Epithelial Tolerance
By tracking oncogene-induced growths, we discovered that neighboring wild-type cells can actively eliminate mutant cells leading to growth regression, and this takes place in a non‑inflammatory setting (Deschene & Myung 2014; Brown & Pineda 2017).
Recently, we have worked on understanding the impact wounds have on oncogenic cell competition, the perturbation of tissue architecture and signaling alterations caused by oncogenic mutations and the changes in metabolism and redox ratios caused by oncogenic mutations.
Wild-type cells suppress oncogenic cells expansion following wounding
Surprisingly, we recently discovered that the injury-repair process switches the competitive balance between Hras mutant and wild-type epithelial stem cells: wild-type cells selectively increase their proliferation, thereby suppressing the expansion of Hras mutant cells and preventing tumorigenesis. Mechanistically, this switch is due to differential responses to injury-induced MAPK signaling. This opens the door to potential targeted therapeutics harnessing the power of our tissues to preserve overall architecture and homeostasis even when neighbors harbor oncogenic mutations (Gallini 2023).
Intravital images of the basal stem cell layer composed of a mosaic cell population (WT and Hras mutant cells) in uninjured (top) and injured (bottom) conditions. Epithelial nuclei are in green (Krt14-H2B–GFP) and recombined cells are in red (FR-HrasG12V/+ ; LSL-tdTomato).
ERK signaling is altered in Kras oncogenic cells, where sustained activation drives aberrant morphology
We explored the mechanisms by which oncogenes cause perturbation of tissue architecture. We found that a Kras mutation that can lead to squamous cell carcinoma, G12D, induces aberrant growths in hair follicles in a spatiotemporal specific manner. Kras mutant cells divide at abnormal angles, contributing to the formation of bump-like lateral growths. We showed, using a reporter mouse and Kras induction in a mosaic manner, that wild-type hair follicle stem cells display pulsatile ERK signaling. In contrast, Kras mutant cells show sustained ERK activation. Inhibiting MEK, a kinase upstream of ERK, in Kras mutant cells leads to less abnormal perpendicular divisions and it both prevents and reverts tissue deformation. As tissue deformations are resolved upon ERK pathway inhibition, we show that sustained activation of ERK modulates cell behaviors essential for Kras oncogenesis (Xin 2024).
ERK signaling dynamics in hair follicle stem cells.
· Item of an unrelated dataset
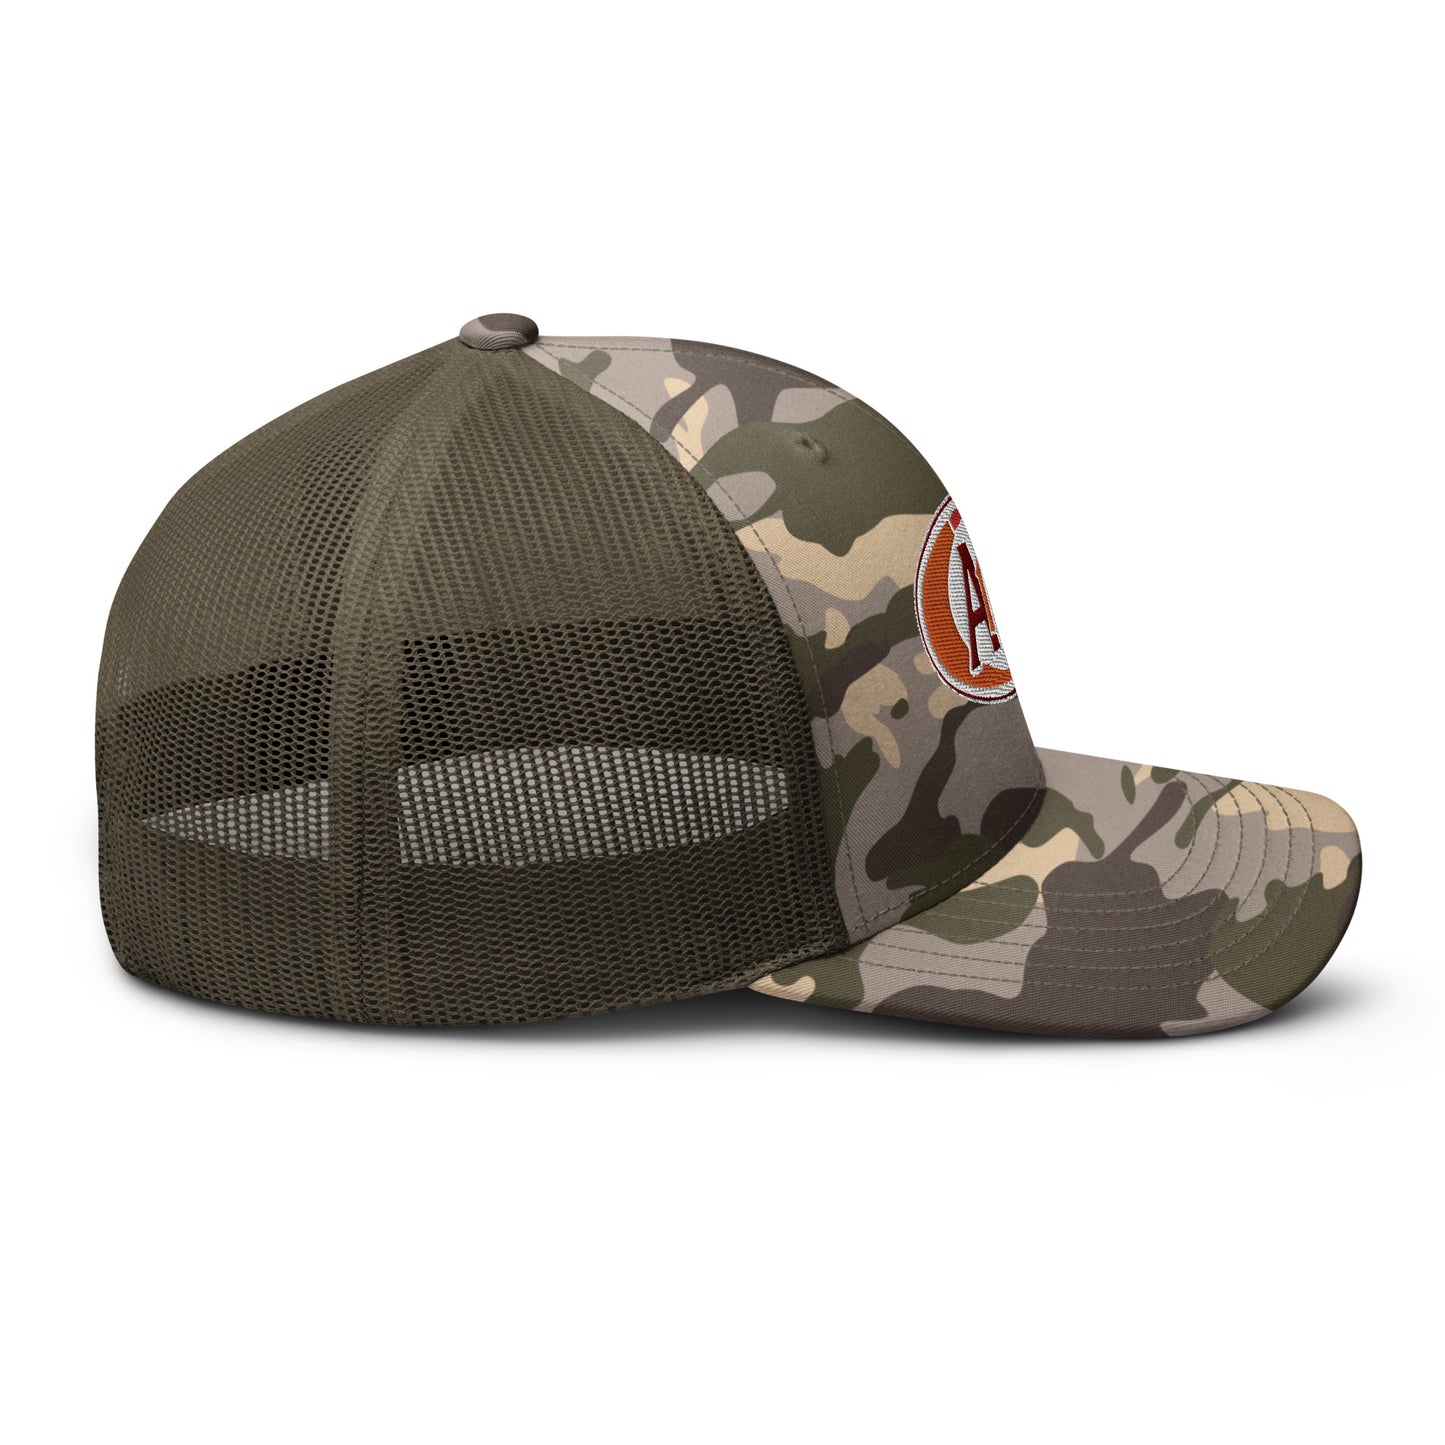 A&R 15 America’s Rifle Camouflage trucker hat

Redox imaging reveals oncogenic metabolic adaptations before competition outcomes become apparent
To understand the earliest molecular responses to the emergence of oncogenic cells in the skin, we have been adapting our live imaging approach to visualize fast-scale molecular states and events at a single-cell level before and after introducing oncogenic mutant cells. Recently, by tracking the metabolites NADH and FAD, we discovered that introducing either β-catenin mutant cells or Hras mutant cells leads to a rapid change in metabolic state of wild-type neighbors, but the “winner” cells in each model recover their metabolic state (Hemalatha 2022/2024).
Two-photon images capturing the endogenous auto-fluorescence of the metabolic cofactors NAD(P)H and FAD at the granular and basal layer of the skin. Redox ratio (NAD(P)H/FAD) is represented as an intensity plot (scale on right).